_INFORMATION SHOWN_
* * * * *

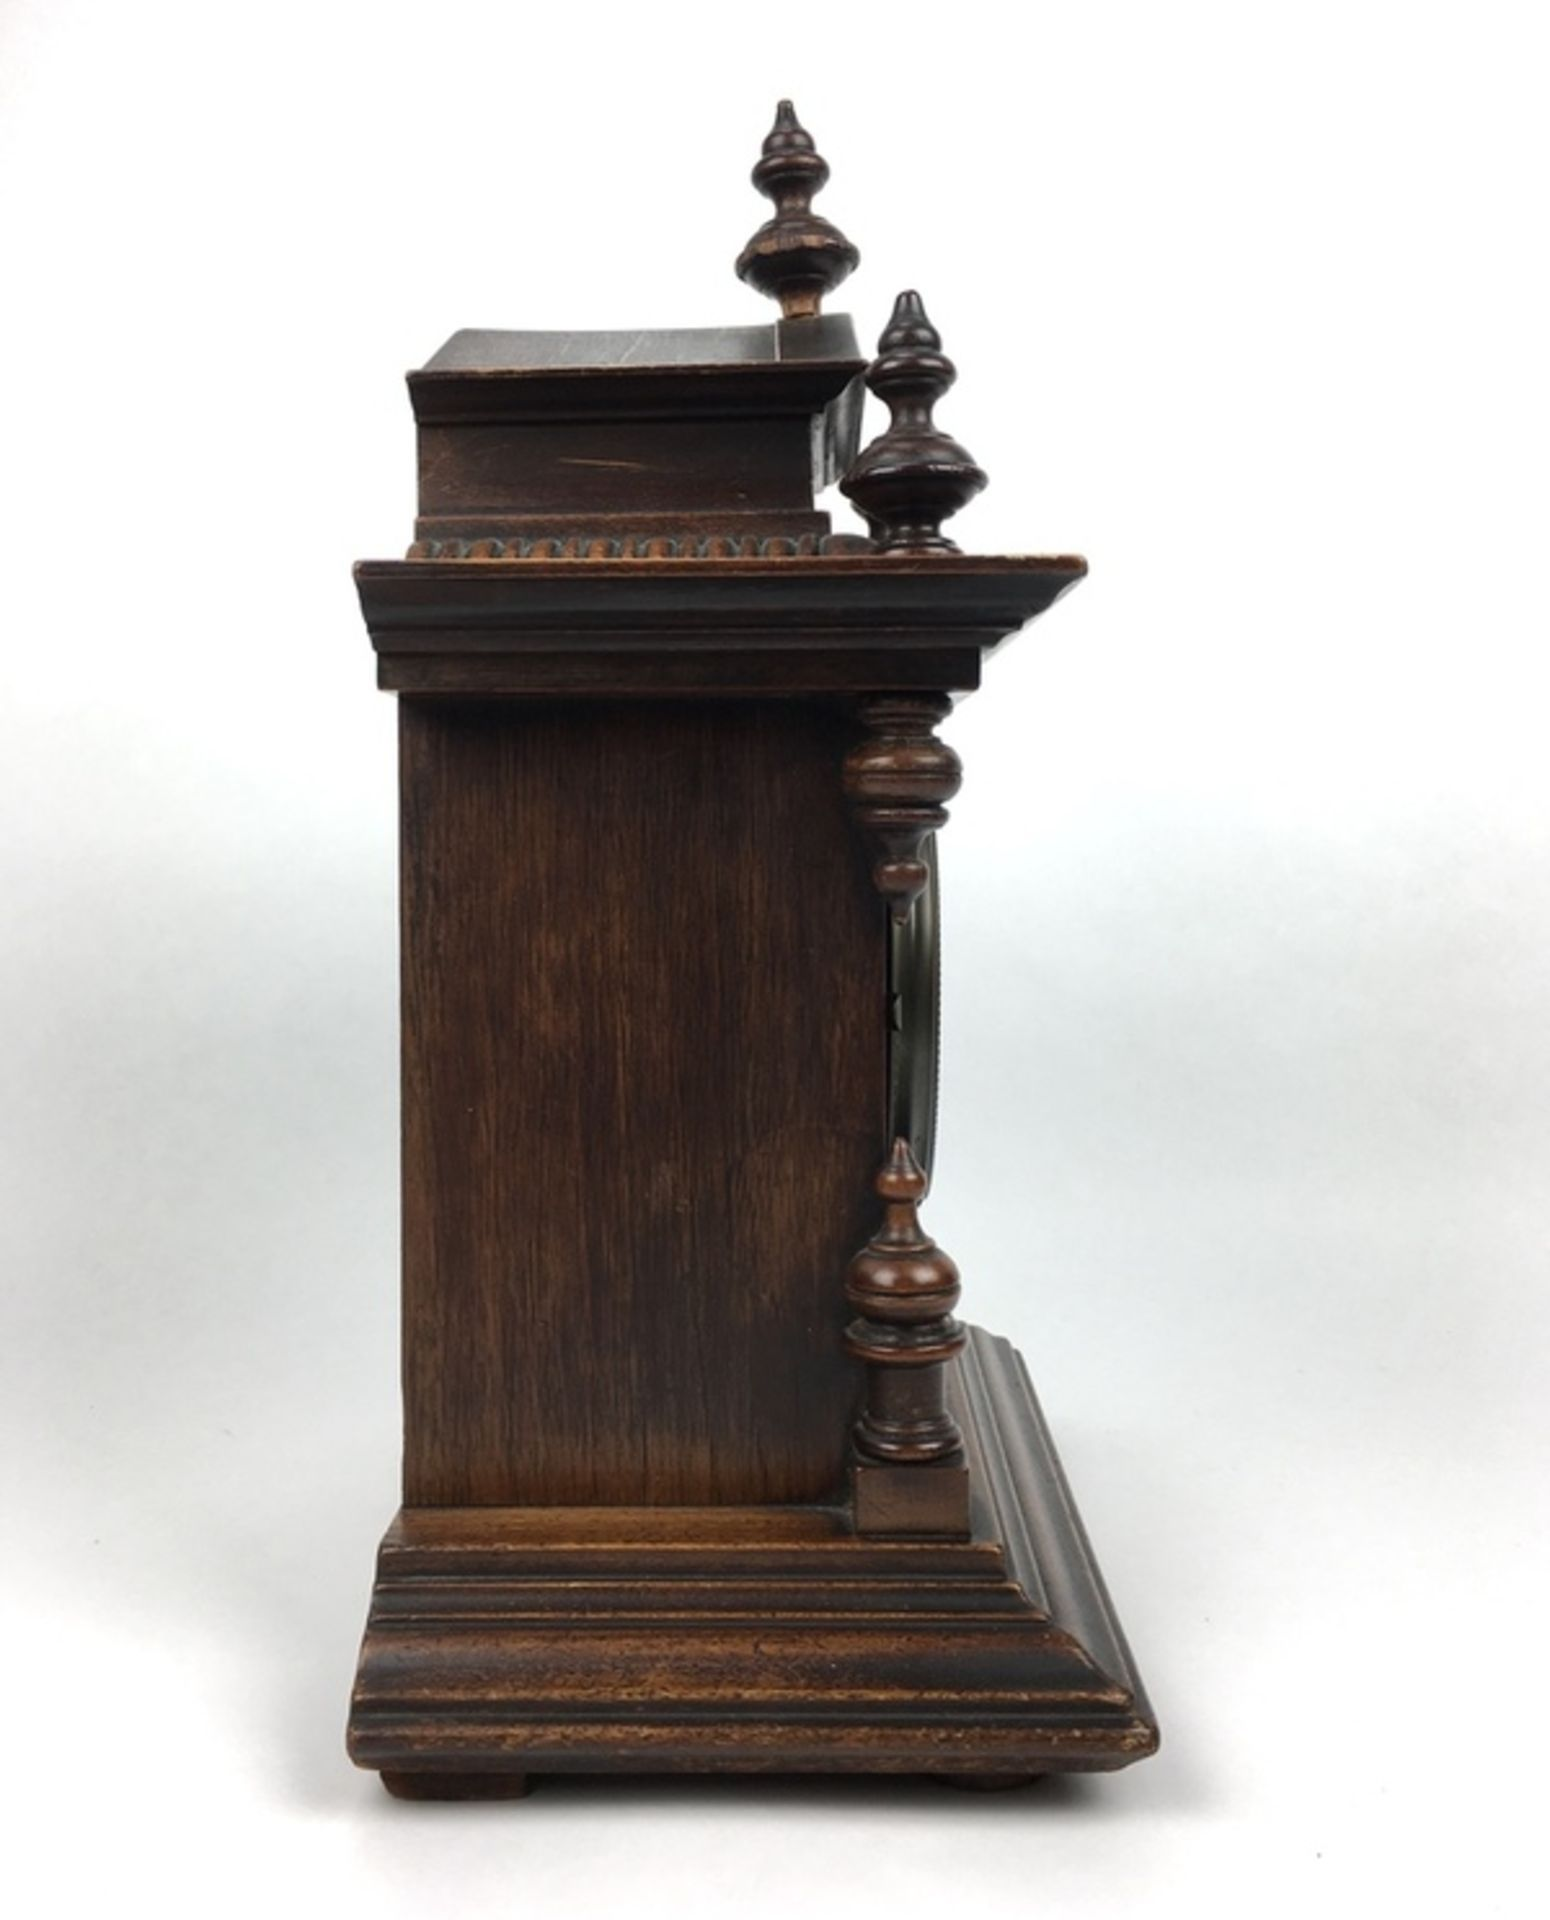 (Antiek) Tafelklok, JunghansHouten tafelklok met Junghans uurwerk en wekker. Emaille wijzerplaa - Image 2 of 7
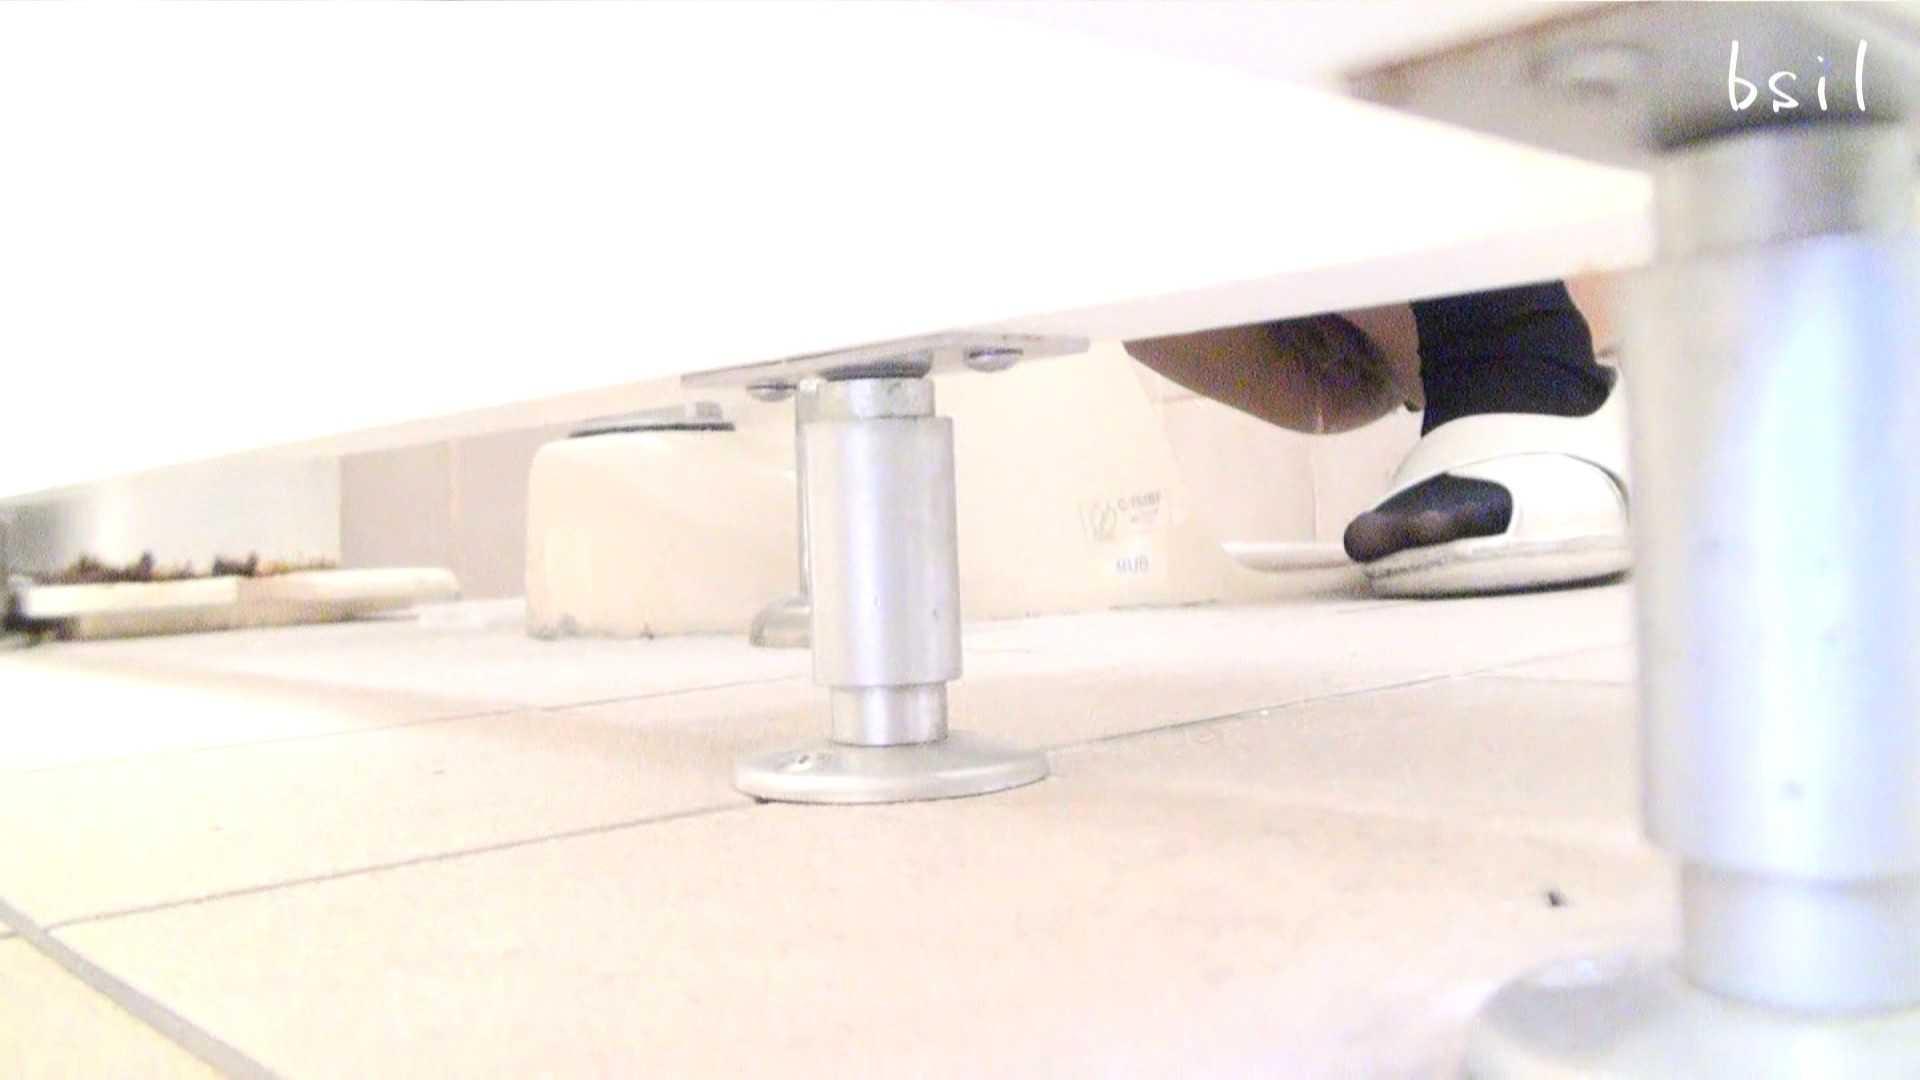 至高下半身盗撮-PREMIUM-【院内病棟編 】 vol.01 ぱっくり下半身 オメコ無修正動画無料 59画像 53
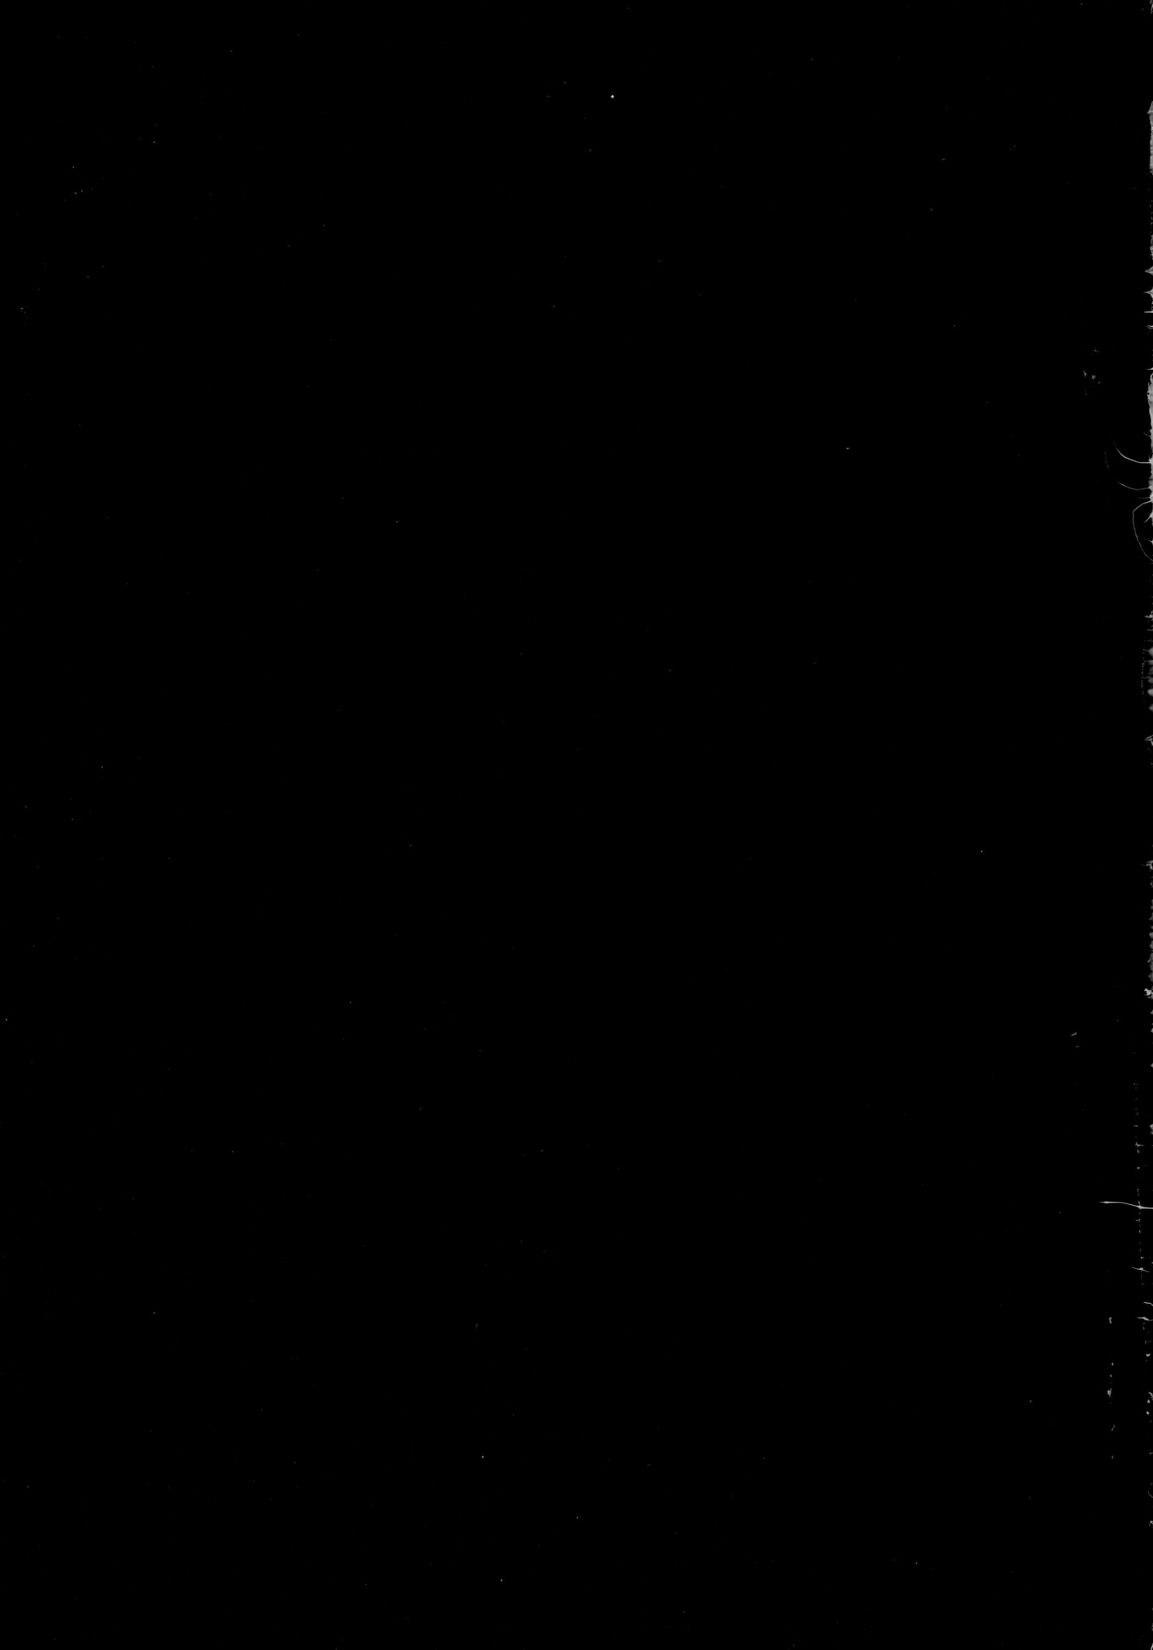 【ダンまちエロ同人誌】ロリ巨乳なヘスティア様とリリがベルくんを巡ってエロ勝負www【ダンジョンに出会いを求めるのは間違っているだろうか】

* * * * *

_EXERCISE_
Drop the pictures and set down the data above exactly.

_EXERCISE RESULT_
 (Antiek) Tafelklok, JunghansHouten tafelklok met Junghans uurwerk en wekker. Emaille wijzerplaa - Image 2 of 7
 至高下半身盗撮-PREMIUM-【院内病棟編 】 vol.01 ぱっくり下半身 オメコ無修正動画無料 59画像 53
 【ダンまちエロ同人誌】ロリ巨乳なヘスティア様とリリがベルくんを巡ってエロ勝負www【ダンジョンに出会いを求めるのは間違っているだろうか】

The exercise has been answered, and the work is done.